A preliminary report that tracked the camera’s statistics through the end of May 2007 was recently released. The report found that the cameras have failed to produce any reduction in the number or frequency of car accidents. However, the severity of the accidents and the amount of resulting injuries appears to have decreased since the cameras installation.

Drivers’ running red lights has been reduced by about one-third over the 10-month duration of the project, but this reduction has not been uniform. Violations decreased when the cameras were initially put into place, and increased during 2007.

Despite the mixed results, Police Chief Gil Kerlikowske was quoted in a July 19, 2007 Seattle Times article as saying, “So far, everything that we’ve looked at, from reducing the amount of injury, to the level of injury, has been successful.”

For the most part the public, the city and the major media outlets (such as The Seattle Times and the Seattle PI) are supportive of the red-light camera program.
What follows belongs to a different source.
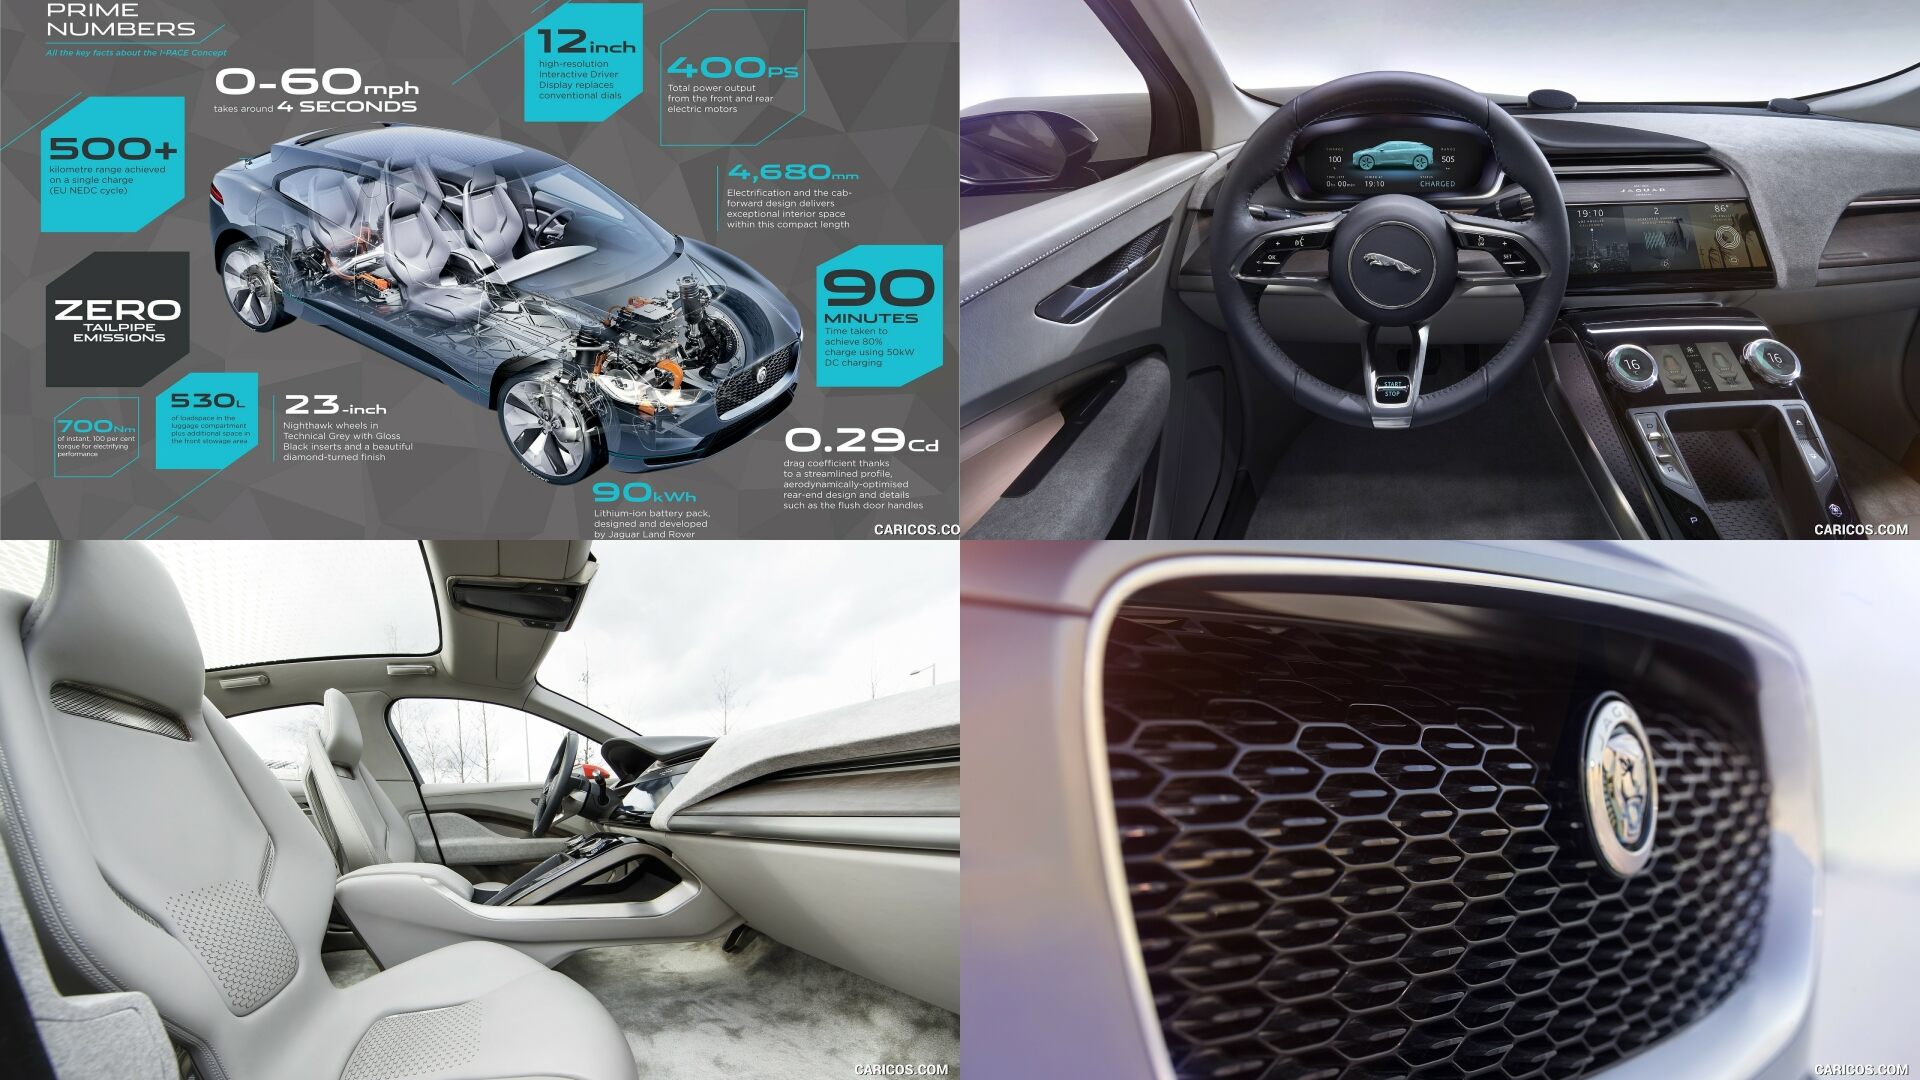 The 2016 Jaguar i-pace EV Concept (Credits Jaguar)

In fact, the city is proposing plans to increase the presence of red-light cameras, placing them at an additional 12 to 18 Seattle intersections. This increase would boost the city’s revenue from the cameras to over $5 million a year.

Aaron Quinn, with the National Motorists Association, said, “In most cases, the cameras are more for revenue than improving safety.”
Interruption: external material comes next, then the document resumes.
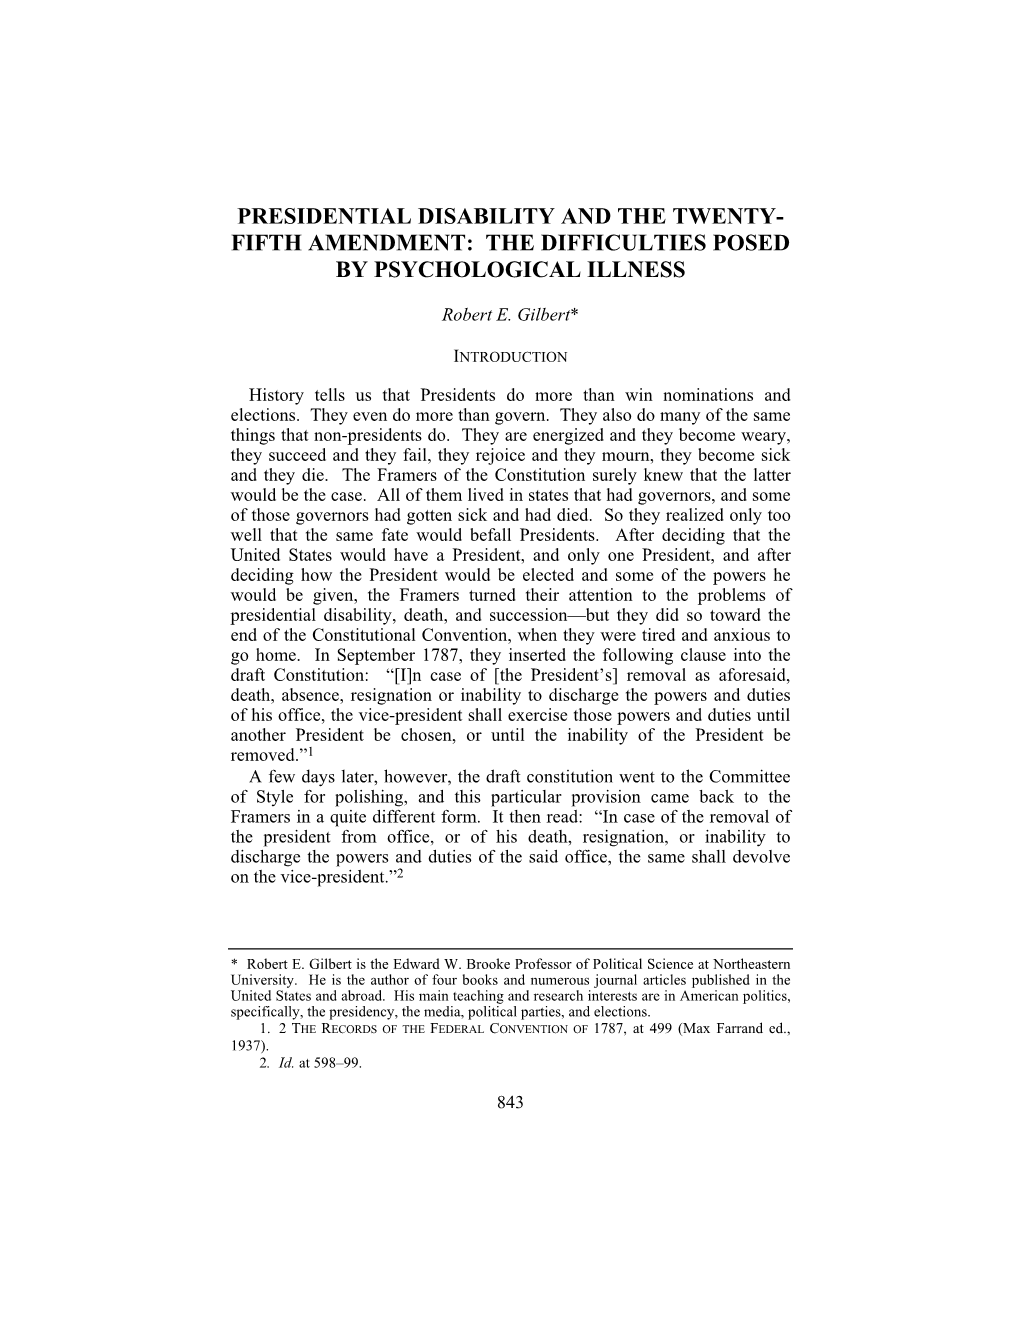 PRESIDENTIAL DISABILITY and the TWENTY-FIFTH AMENDMENT 109 (Kenneth W

However, city analyst Mike Quinn counters this sentiment. In May of 2006, before the cameras were installed, he said “[The red-light camera program] is designed 100 percent as a traffic safety initiative.”

Aaron Quinn suggests that there are other, more effective, ways to reduce drivers running red lights and the accidents caused by them. For example, by extending the duration of yellow lights by 1.5 seconds. A study has shown that this change decreased violations by 96 percent.